Zonulin concentration may enhance in blood when intestinal mucosal integrity is impaired [
31]. A previous study has found that, via a modulation of expression of tight junction proteins, butyrate maintains an intestinal barrier integrity [
32]. In this study, we observed that gilt fed SPV diets experienced decreased levels of zonulin in plasma and an increase in butyric acid concentration. Furthermore, SPV treatment reduced endotoxin in blood and colonic feces. In the colonic feces analysis, the anti-inflammatory cytokines IL-10 increased, and pro-inflammatory cytokines TNF-α and lipocalin-2 decreased in the SPV treatment. Cytokines play an important role in the inflammatory response [
33]. From these results, it may be concluded that SPV treatment decreased the gut permeability, ameliorated the inflammation state of intestinal mucosal epithelium as indicated by decreasing the zonulin concentration, increased the butyrate, reduced endotoxin, and changed inflammatory cytokines.
Abundant phyla
Firmicutes and
Bacteroidetes could be found in more than 75% of the colonic feces in this study, which play a role in degrading polysaccharides and promoting energy absorption in the gilt intestinal tract. Fresh SPV contained cellulose, hemicellulose, and pectin, which provided the substrate for the intestinal fiber-degrading bacteria. The microbes in the intestines of animals are “organs” that are composed of a series of microorganisms such as bacteria, archaea, and fungi. Microbes form a symbiotic relationship with the animal body and maintain the homeostasis of the intestinal environment. The hindgut digestion of a pig is mainly microbial digestion, in which the colon is the most developed in the hindgut. Most of the hard-to-digest fiber materials are decomposed by microbial fermentation in the hindgut to produce products such as acetic acid and butyric acid. The proportion of
Firmicutes and
Bacteroidetes is related to the body’s energy metabolism [
34]. In this study, the SPV feed increased the abundance of butyrate-producing bacteria like
Roseburia and
Lachnospira in the colonic feces in Meishan gilts.

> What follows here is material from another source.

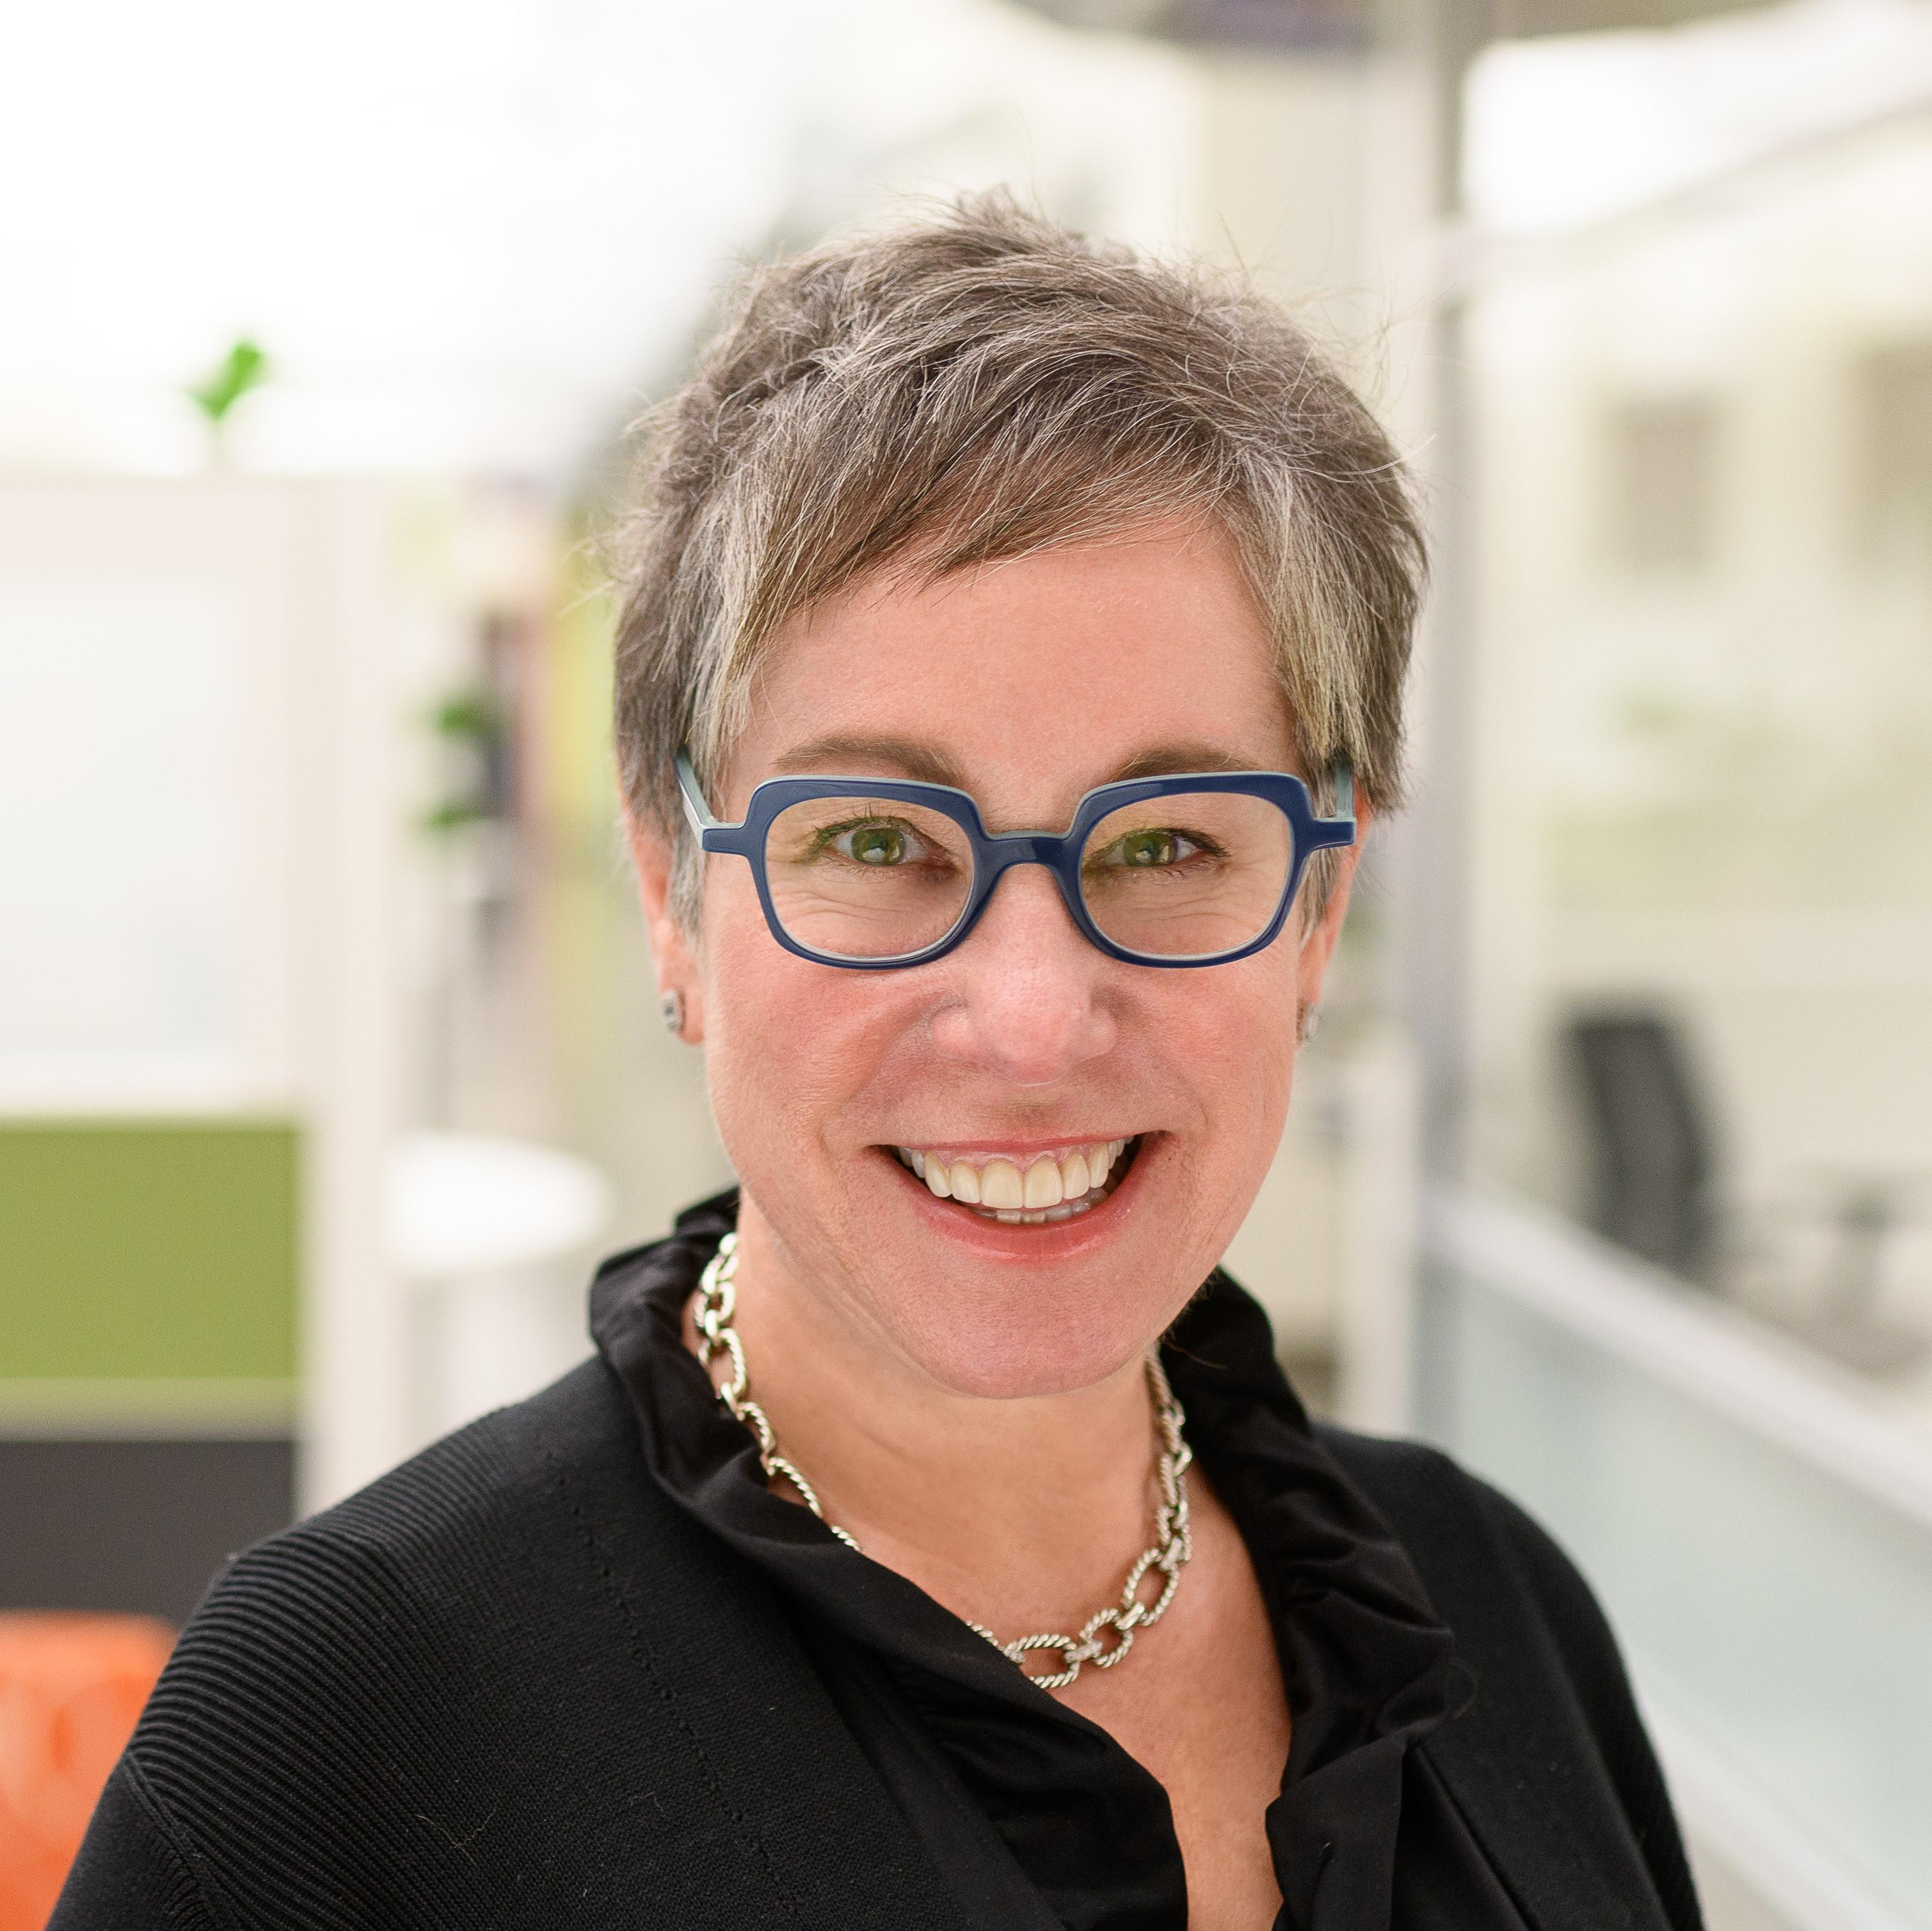 Lisa Adkins

Roseburia was part of commensal bacteria producing short-chain fatty acids, especially butyrate, affecting the colonic motility, immunity maintenance, and anti-inflammatory properties [
35]. It also reported that the reduction in
Roseburia contributed to the dysbiosis of ulcerative colitis patients [
36]. Weber [
37] and other studies have found that the
Lachnospira is the main pectin degrading bacterium in the human intestine. At the same time,
Bacteroides,
Lactobacillus, and
Bifidobacteria can grow in the presence of pectin and pectin oligosaccharides [
38]; pectin contained in the SPV may provide conditions for the growth of these bacteria. Accordingly, the bacterial abundance such as
Lactobacillus and
Bacteroides was enhanced in this study. Therefore, the SPV feed provided different fermentation substrates for the fermentation of intestinal microorganisms, thereby affecting the abundance of the bacteria and the SCFA production.
On the other hand, beneficial microorganisms colonized the intestinal mucosa to constitute a protective barrier to prevent colonization by other pathogenic bacteria [
39]. Pathogenic bacteria in the intestinal tract are harmful to the mucosal barrier and may induce intestinal diseases. In this study, SPV treatment increased the abundance of
Lactobacillus and
Bacteroides.
Lactobacillus is the only genus of the
Lactobacillus family, including the species of
Lactobacillus mucosae and
Lactobacillus reuteri.
Lactobacillus presents in the gut of animals and plays a major role in maintaining bacterial balance and preventing colonization of pathogenic microorganisms.
Lactobacillus enters the intestine after being adhered to the intestinal mucosa, during which a biological barrier is formed that can prevent the invasion of pathogenic microorganisms [
40,
41]. Simultaneously,
Lactobacillus reuteri can also secrete reuterin, which has a strong inhibitory effect on harmful bacteria [
42]. Therefore, SPV treatment may improve the intestinal health by promoting the abundance of certain beneficial bacteria, thereby inhibiting the growth of pathogenic bacteria.